Pune, Maharashtra, India Pune, Maharashtra, India

Abstract Identification of characters in movies, even though very intuitive to humans, still poses an important challenge to computer method. Identification of character face and labelling them with corresponding names in script is the main objective. Huge variations in appearance of each character in different frames make it a difficult task. Many methods are implanted till date and tested under clean environment. But in presence of noise generated in complex movie scenes due to the face tracking and face clustering, the accuracy of system is affected. By introducing graph matching algorithm and incorporating noise insensitive relationship, present character identification approach has been enhanced in this paper.

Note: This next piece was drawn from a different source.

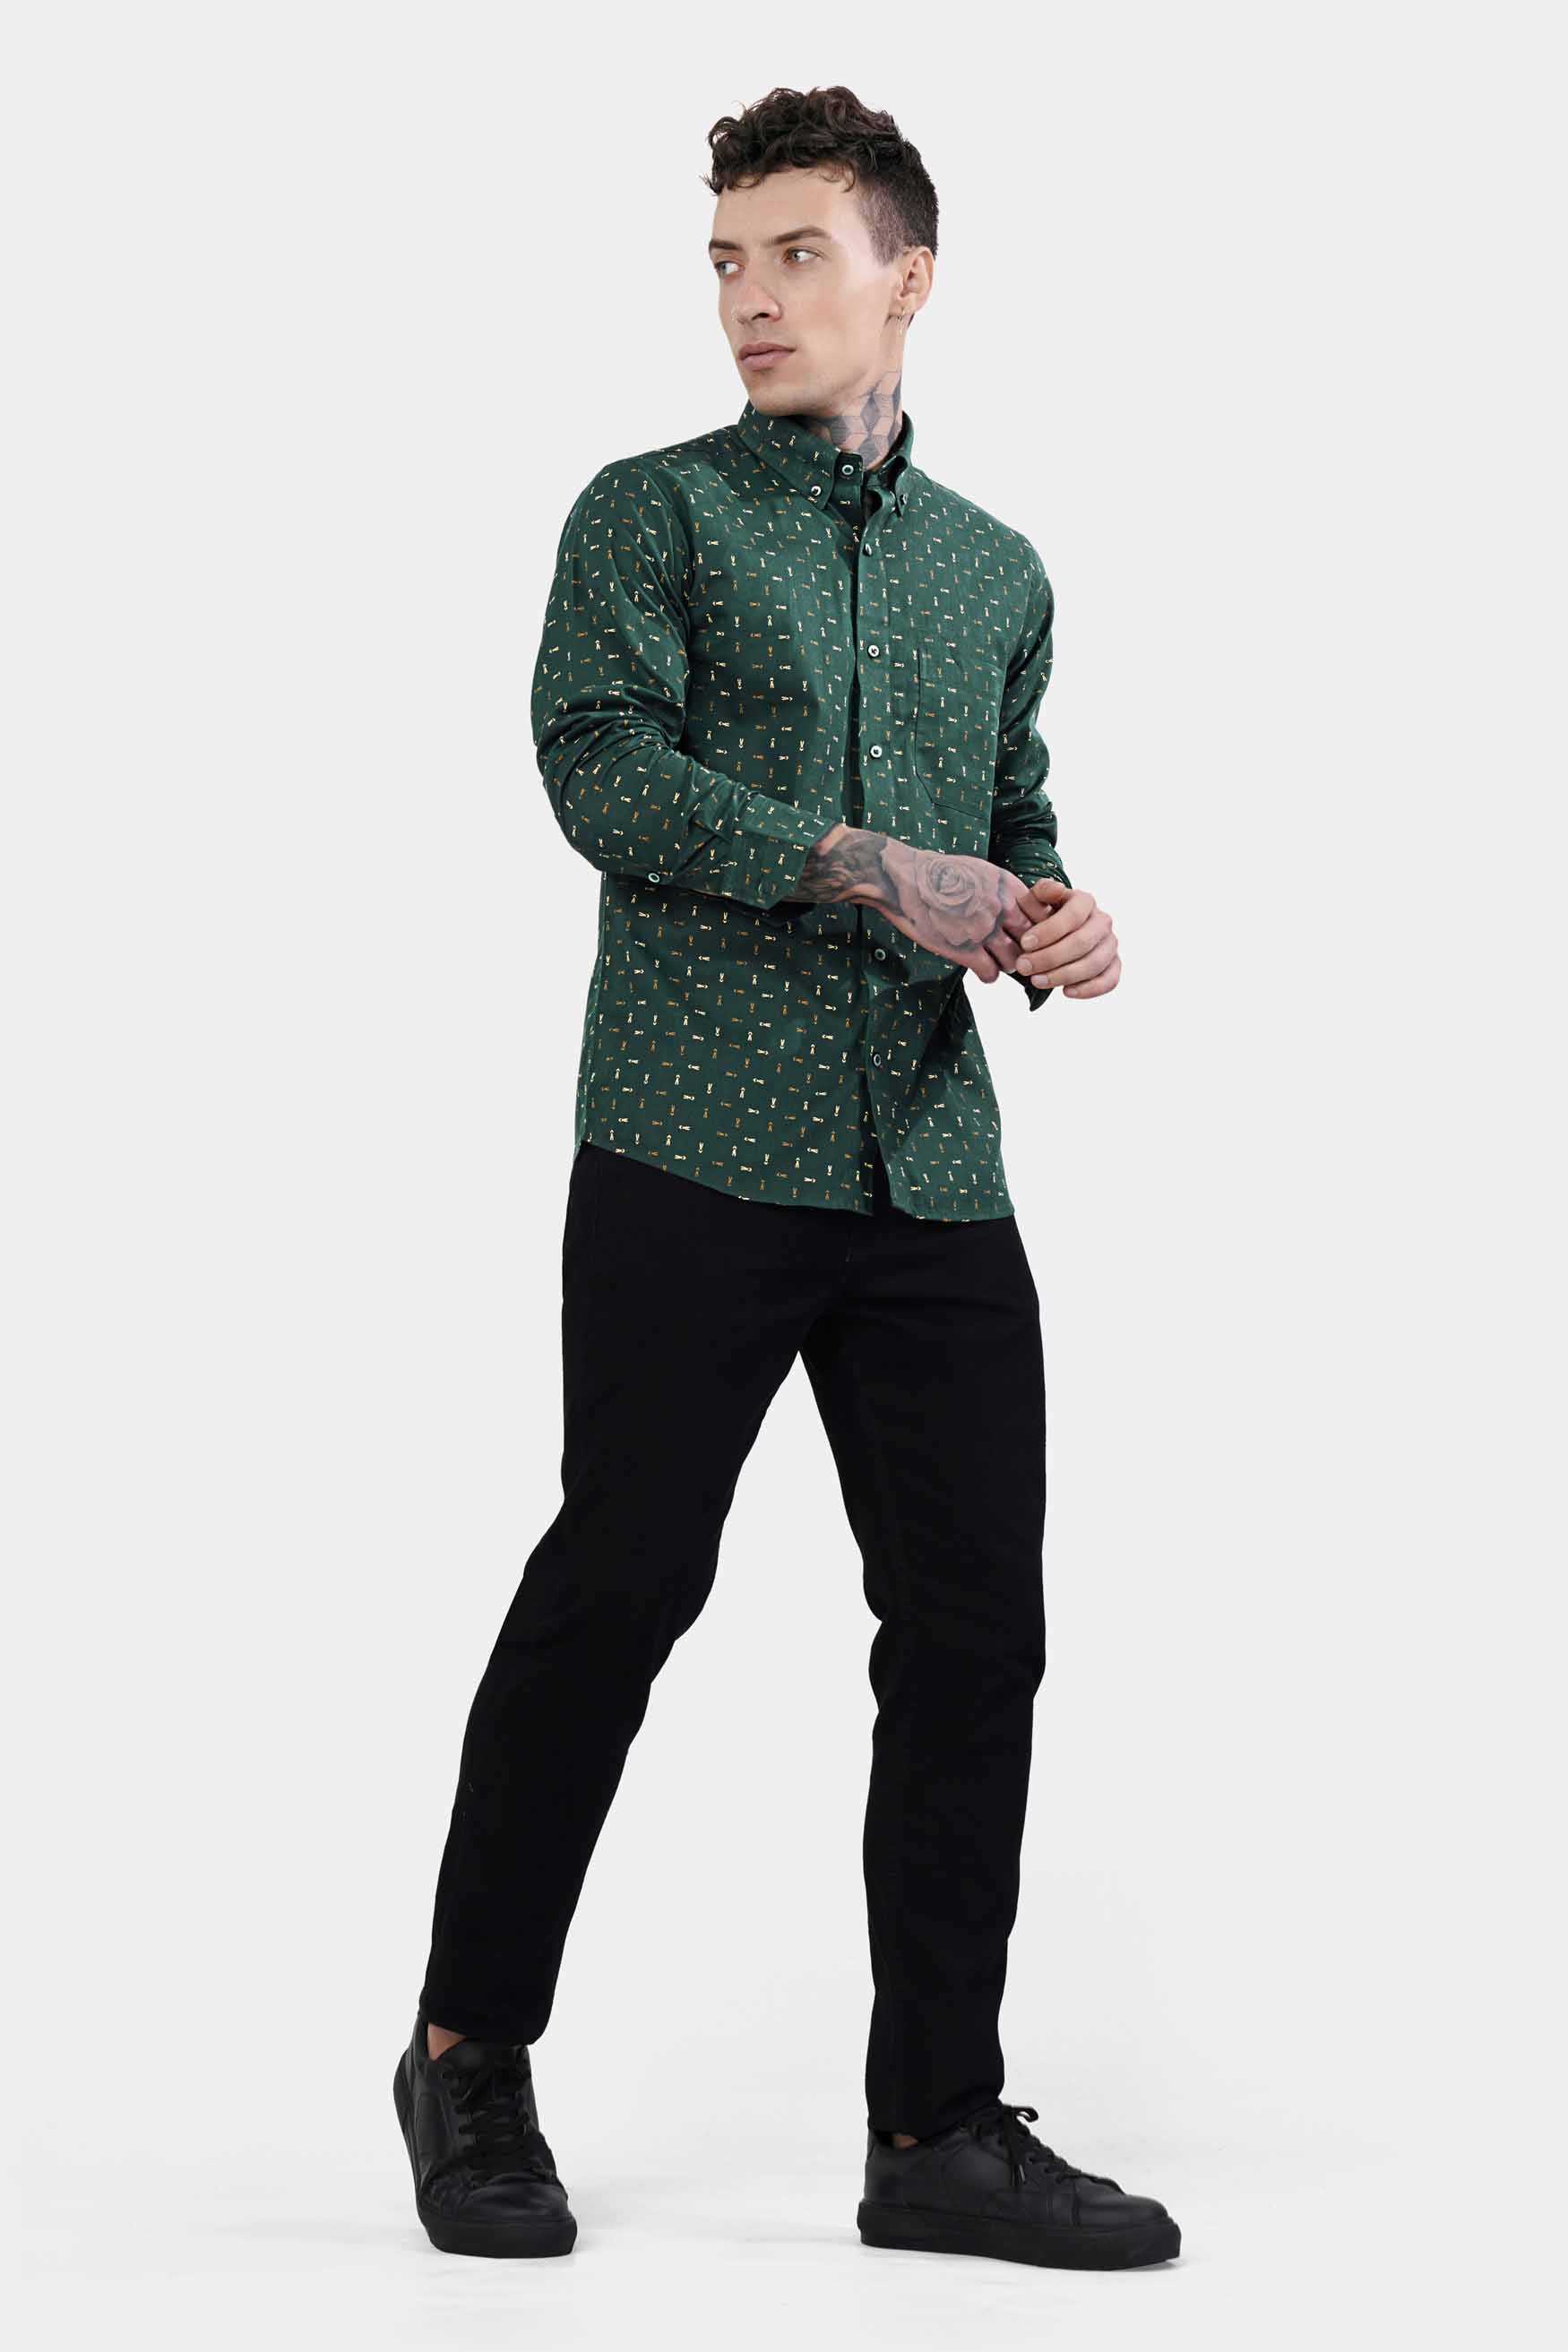 Everglade Green and Desert Brown Luxurious Linen Button Down Shirt

Index Terms Graph Matching, Character Identification, Ordinal Graph, Graph Partition, Face Identification.

  1. INTRODUCTION

    Huge amount of data is generated everyday due to flourishing development in movie industry. Providing media content description, indexing and organization for user to browse and retrieve content of interest, is important for media distributors. To manage this, efficient and effective technique is required which understand the movie contents and appropriately organise it. Annotating character in the movie is called movie character identification. Identification of faces in movie is a demanding task in the current research. In movies, characters are the focus center of interests for the viewers. Meaningful presentation of movie content is provided by the occurrence of characters. Automatic character identification is essential for movie indexing, retrieval, and other applications. Character identification is challenging task in computer vision. Due to some reason like, different background disturbances are present when concern with different types of movies, confusion can also create when there are multiple characters in the same scène and sometimes same character appears quite differently during the movie, there may be huge pose, wearing, clothing, expression, illumination variation, even makeup and hairstyle changes.

    In related work, some methods are used like Cast list based methods [1] only utilize the case list textual resource. Names for the clusters are then manually selected from the cast list. But this method requires manual labelling and classification performance is poor due to the large intra-class variances. Subtitle or closed caption method [2] used in movie script. In this method require subtitle for face-name matching. The local matching based methods [3] require the time-fixed information, which is extract by subtitle and most of the

    movies subtitle is unavailable. But Subtitle caption method and local matching based method is more sensitive to the face detection and tracking noises. In [4], used global matching based methods open the possibility of character identification without subtitle or closed caption. But this method requires very complex identification algorithm.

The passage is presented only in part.